Joseph A. Esposito is the author of the new book Dinner in Camelot: The Night America's Greatest Scientists, Writers, and Scholars Partied at the Kennedy White House. A historian, writer, and educator, he served in three presidential administrations, and is adjunct associate professor at Northern Virginia Community College. He reviews books for the Washington Independent Review of Books and Kirkus Reviews, and he lives in Virginia.
Q: Why did you decide to write about the night John F.

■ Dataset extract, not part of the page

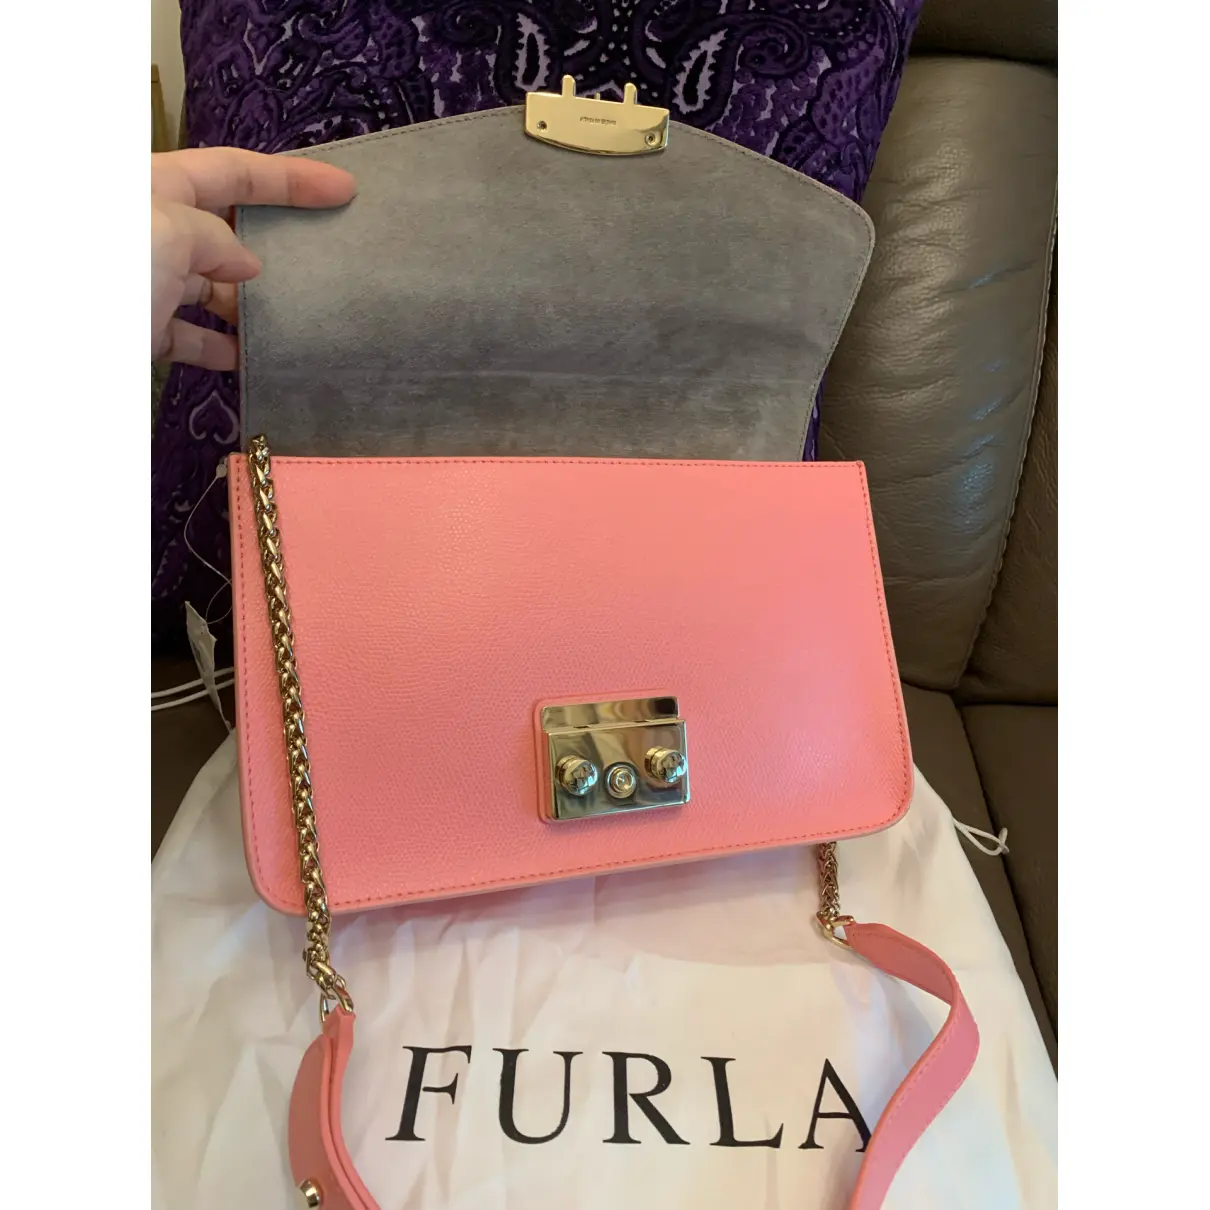 Metropolis leather handbag Furla

Kennedy hosted an assortment of scientists, writers, and scholars at the White
House?
A: I met Senator Kennedy in the waning days of the 1960
campaign. That meeting sparked an
interest in public service; I subsequently served in three presidential
administrations. So I was interested in writing about him on a topic that had
not been given extensive attention.
However, the more I learned about this dinner—with its
unprecedented array of distinguished guests and its historical implications—I
became mesmerized by the story.
Q: How did you research the book, and did you learn anything
that especially surprised you?
A: I was able to use the large amount of material related to
the dinner at the Kennedy Library in Boston. Although there were 175 guests at
the dinner—the largest of the Kennedy era—I largely focused on about a dozen
people.
I was able to access other archives related to them and
their attendance that night, such as through Linus Pauling’s papers at Oregon
State University. I also profited from interviews, notably with Rose Styron,
who was a guest, and Clint Hill, Mrs. Kennedy’s Secret Service agent. Many secondary sources were also valuable.
I am a historian, I had been in government, and I have lived
in Washington, D.C., since 1981 so many aspects of a White House dinner were not
surprising. What did surprise me were the details about many of the people that
I highlighted and their interactions with one another.

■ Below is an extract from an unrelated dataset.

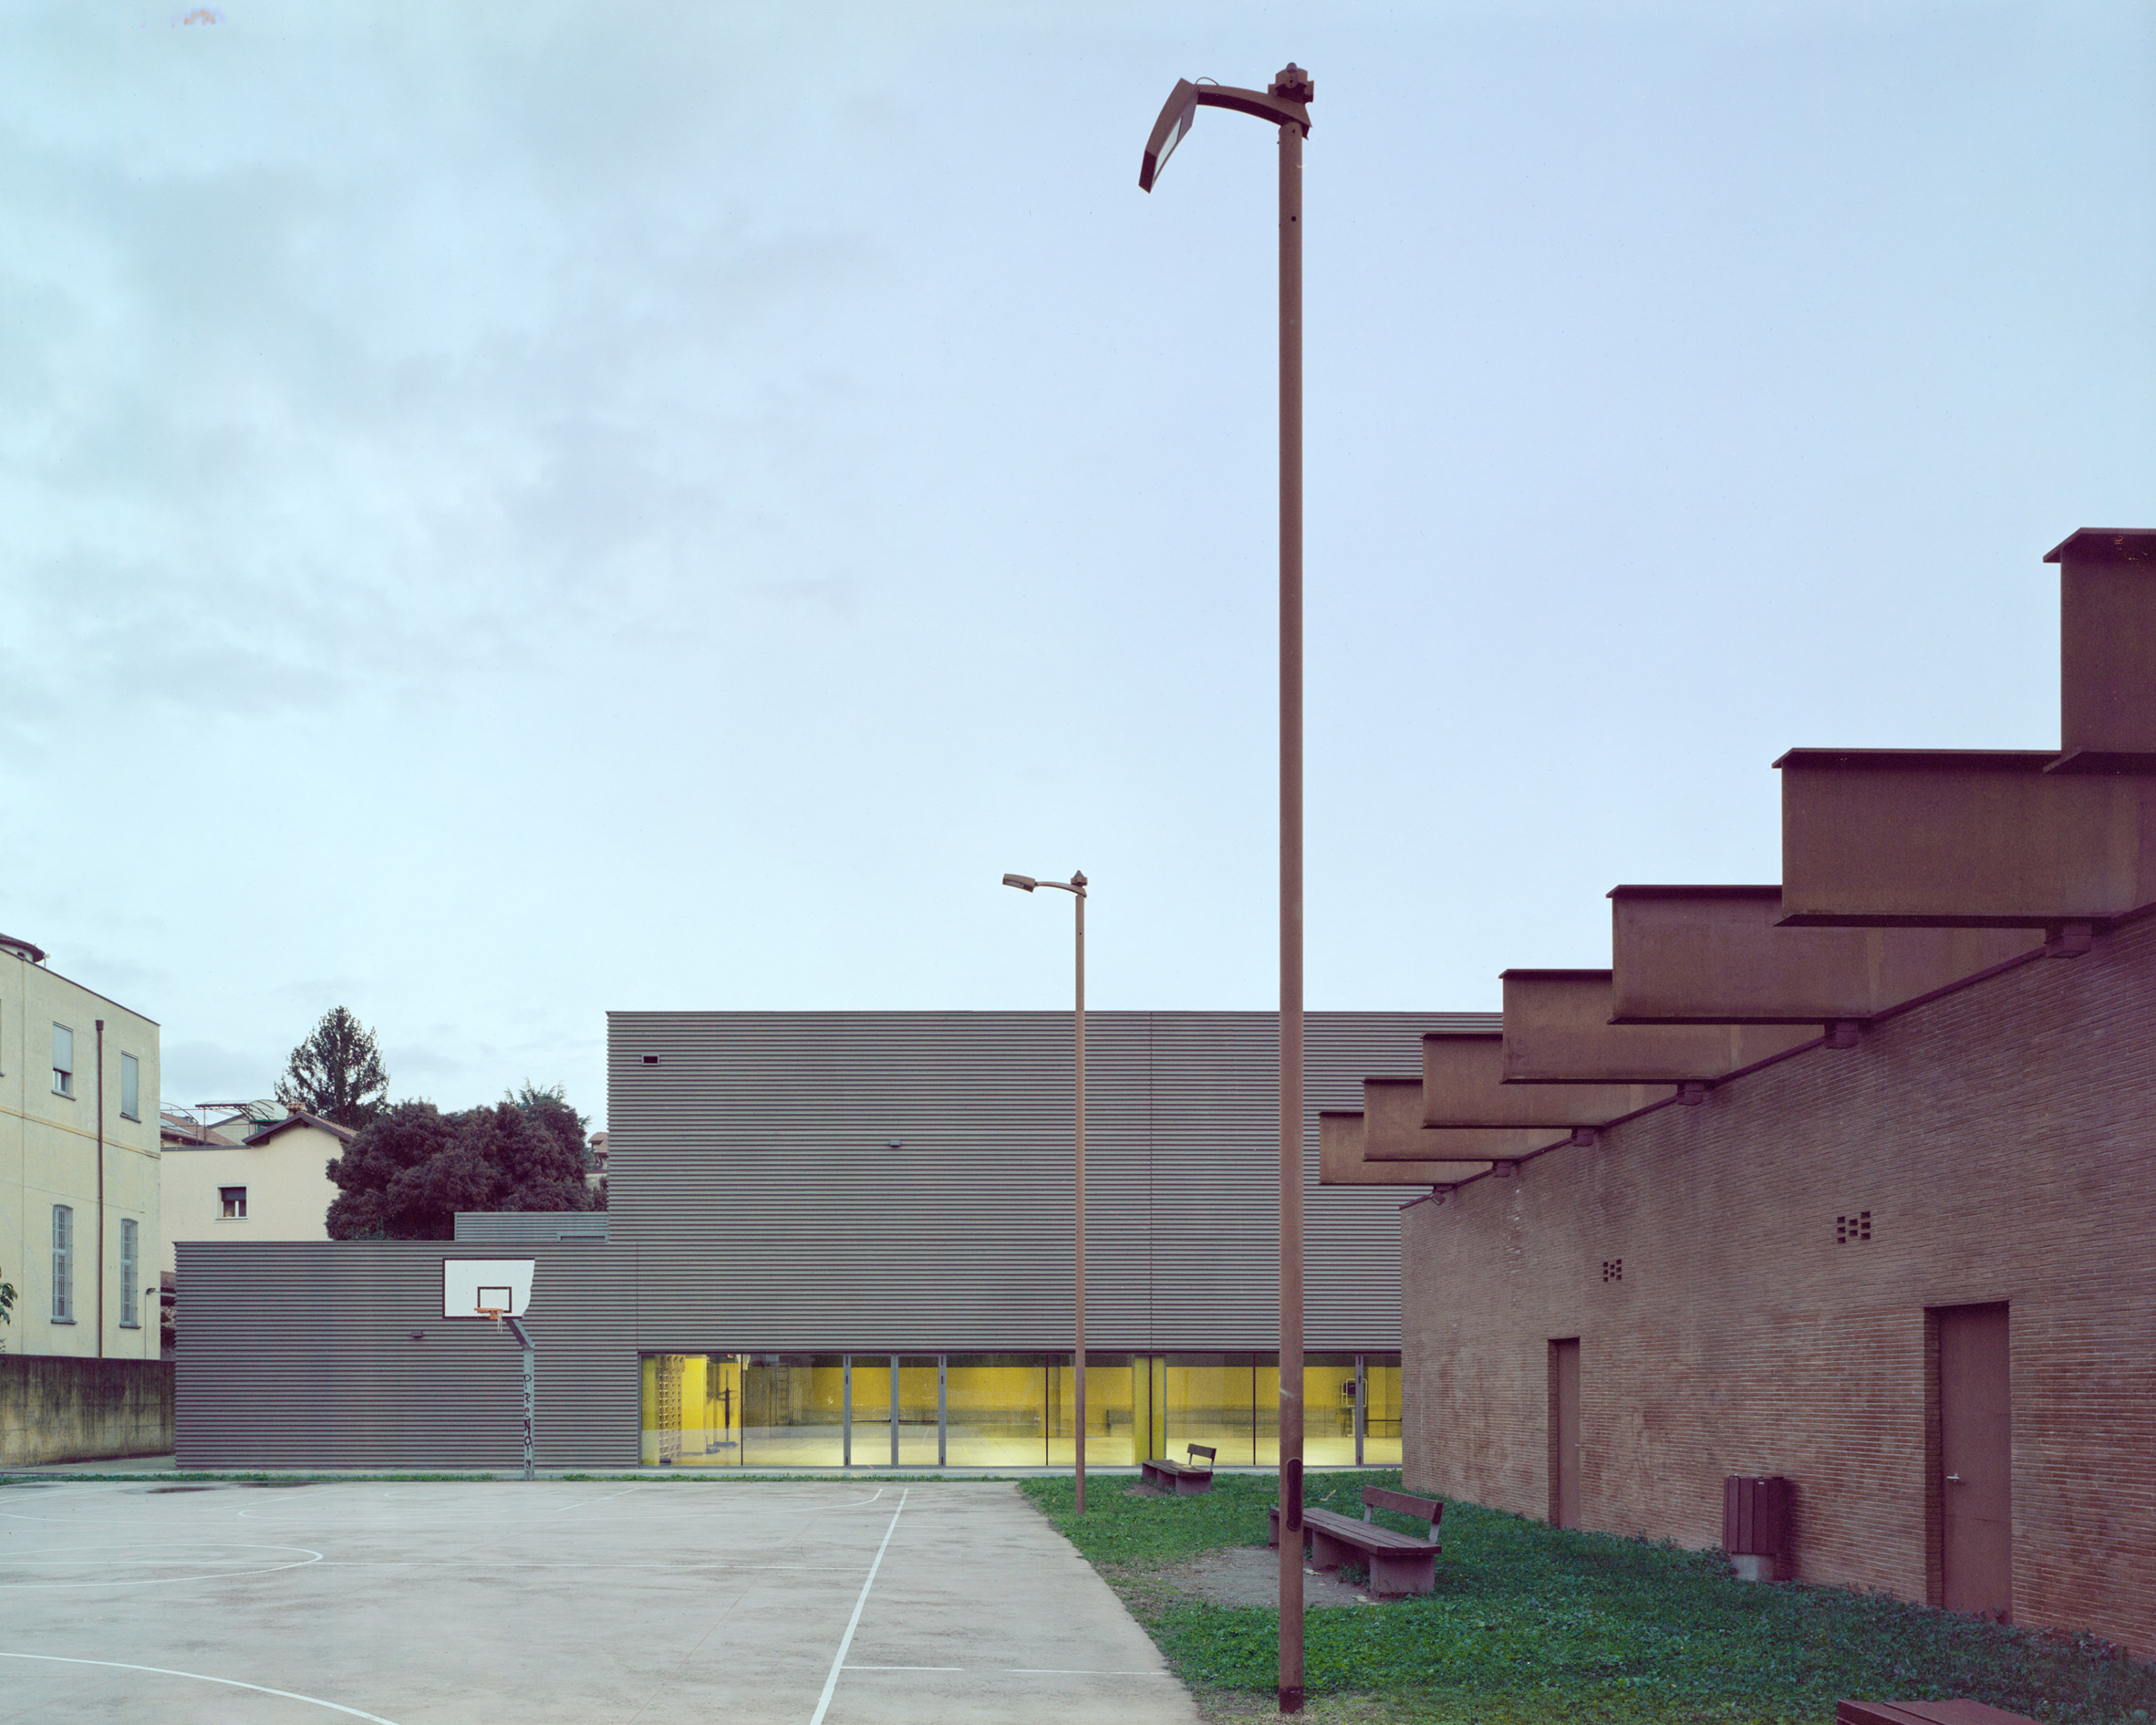 Concrete-clad gymnasium in Merate

The Pauling-Robert Oppenheimer relationship, which went back
to the 1920s, was very interesting. I came away with a greater appreciation for
the work of James Baldwin. And Mrs. Kennedy’s extensive work in restoring the
White House, which I generally knew about, became clearer.
Q: What impact did the dinner have at the time, and what do
you see as its legacy today?
A: The dinner was covered extensively in the newspapers and
magazines. These accounts focused on the two controversial guests: Pauling, who had picketed President Kennedy
over a stalled nuclear test ban agreement with the U.S.S.R. before the dinner,
and Oppenheimer, who had lost his security clearance in 1954.
But the glamor of the event also was covered, including its
place among the outgoing series of social events at the Kennedy White House.
The legacy is that this was time when people of achievement
were honored at the highest level of our government, on behalf of the American
people.
At the height of the Cold War, it was a time when the
country, despite differences, worked toward consensus in attempting to solve
its problems. President Kennedy was an inspirational leader, and this event
reflected that role.
Q: In a Washington Post review of the book, Thomas Oliphant
writes of the dinner, “And it has resonated through the decades as a symbol of
what that ‘one brief, shining moment’ was capable of on its best days, and of
the impact a White House can have on American culture and the creative minds
who inhabit it. Comparisons to the disgusting atmosphere of the present are
obvious.” Do you think such an event could happen now, and how would you
compare the cultural tone of JFK’s White House to that of today?
A: This dinner, honoring 49 Nobel Prize winners and many
equally prominent thinkers and doers, was unique. Nothing even approaching it has
been attempted since. It was a much different time, of course, but I believe
that its success, again, reflected special leadership at the White House and an
appreciation for the symbolism that it represented.
White House dinners in recent decades have included many
celebrities; the Nobel dinner honored men and women of tremendous accomplishment—there
were no singers or movie stars or even politicians (other than the president,
vice president, and attorney general).
Q: What are you working on now?
A: I am working on book about two somewhat obscure televised
debates of the mid-1960s: one between
James Baldwin and William F. Buckley, Jr., on race relations, and the other
between Ronald Reagan and Robert Kennedy on Vietnam. Baldwin and Reagan were
the clear winners.
The interactions were notable, and they speak to us not only
about that turbulent decade but also are meaningful today. I’m enjoying the
research.
Q: Anything else we should know?
A: Tish Baldrige, the White House social secretary,
repeatedly referred to this event of intellectuals as “the Brains’ Dinner.” French-born
chef Rene Verdon was perplexed at first, thinking he was going to be asked to prepare
brains for the guests. The main course was beef Wellington.